Security Notes: What Is A Prompt Injection Attack?

Artificial Intelligence (AI) has taken the world by storm by helping people and companies alike to analyze data, detect objects, automate various tasks and much more.

It has been accompanied by two problems, one of which is not at all surprising: Large tech companies’ Large Language Model (LLM) AI products have been tracking users’ activity, which leads us to the other problem: Prompt injection attacks.

Prompt injection attacks are attempts to make large language AI models (for example ChatGPT) reveal the chat history of other users.

This means that the sensitive information that enterprises’ employees sometimes enter in LLM chatbots can be stolen by malicious actors. The same applies to personal users that enter sensitive information.

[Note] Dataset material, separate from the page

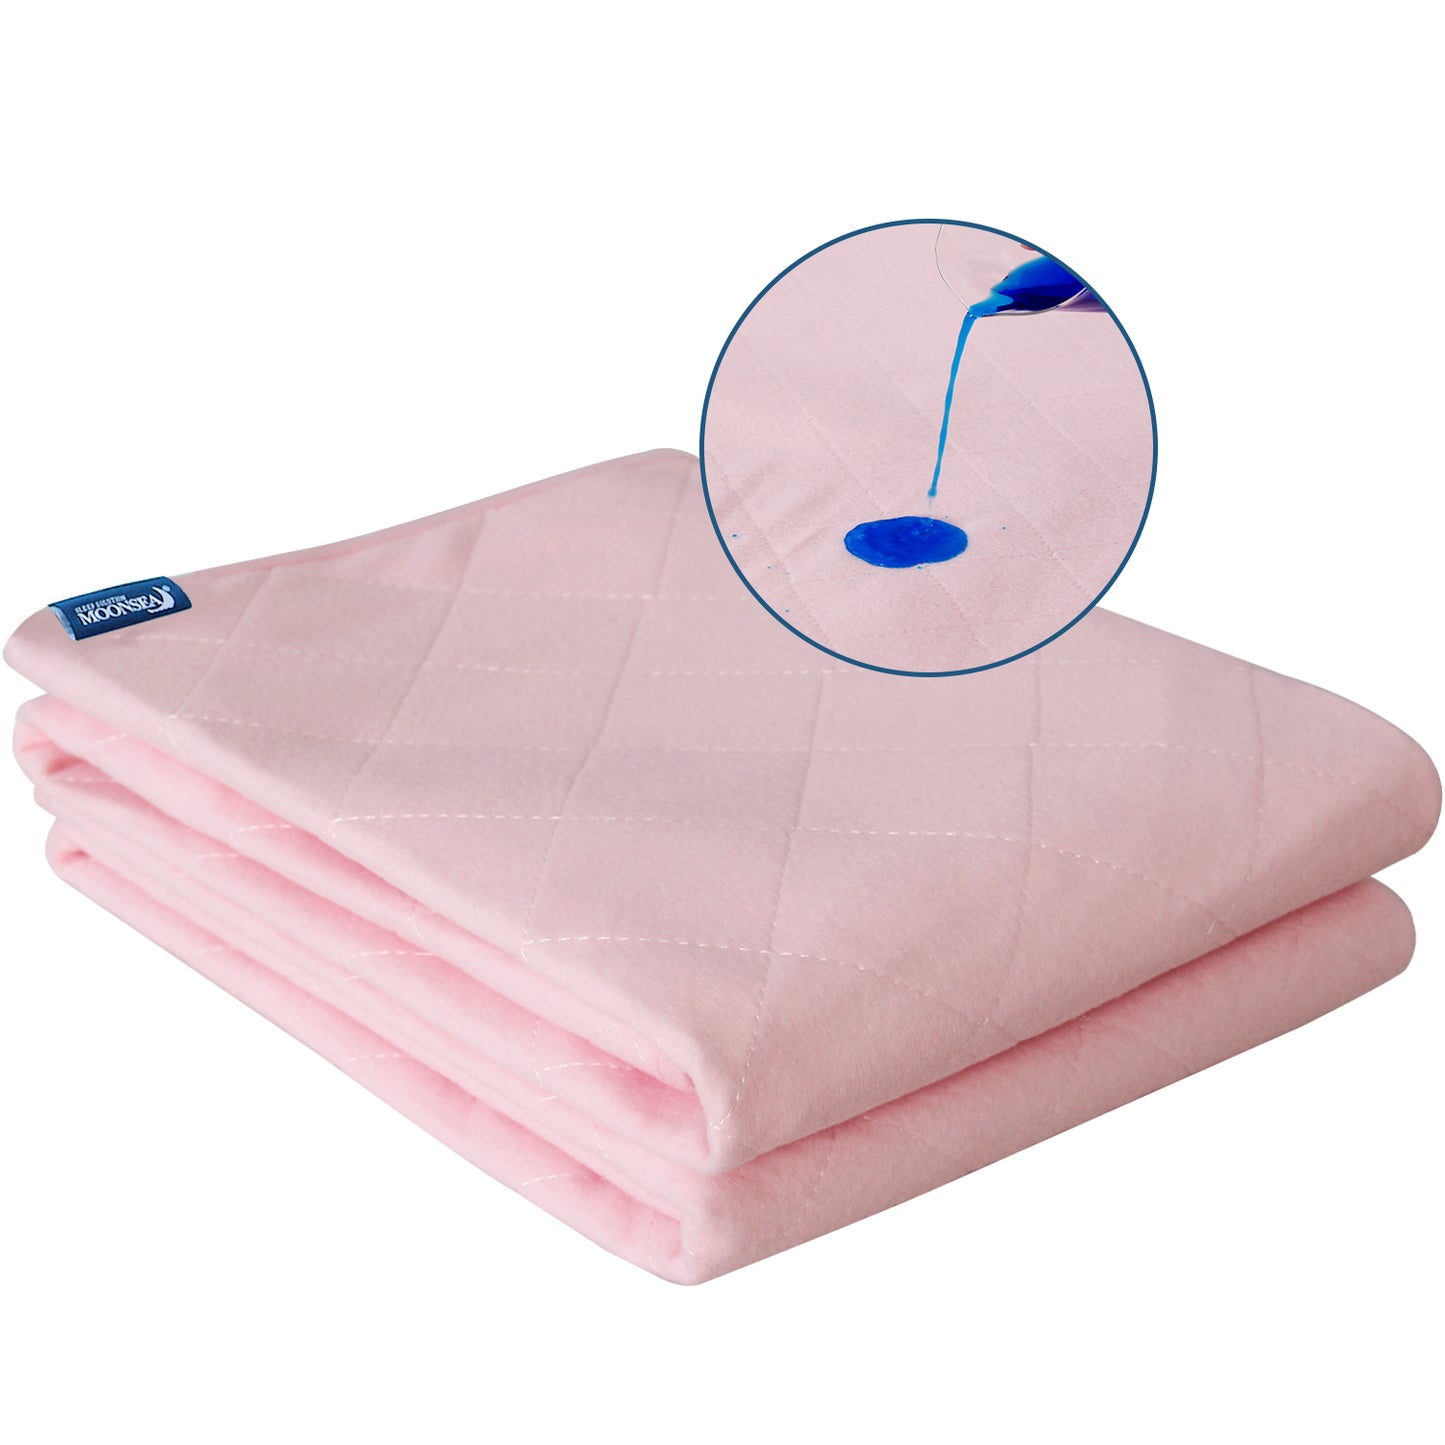 3 NEW BED PADS REUSABLE UNDERPADS USA MADE 34x36 PINK INCONTINENCE WASHABLE

Large Language Models do not properly distinguish between the instructions set by developers (system prompts) and the instructions received from end users and hackers.

What this means is that prompt injection attacks trick AI models into breaking their company rules using manipulation tactics.

OpenAI and the other major Large Language Model vendors have been trying to prevent this from happening with guard rails. However, they haven’t been able to eliminate the problem.

The next time you enter sensitive information in an AI chatbot, bear in mind that it could be stolen by another user!

What You Can Do

Utilize offline models if applicable. The model that powers Gemini is available for use offline. Meta and OpenAI offer some of their Llama and GPT-OSS models offline as well. You can run them offline using LM-Studio, or set them up manually.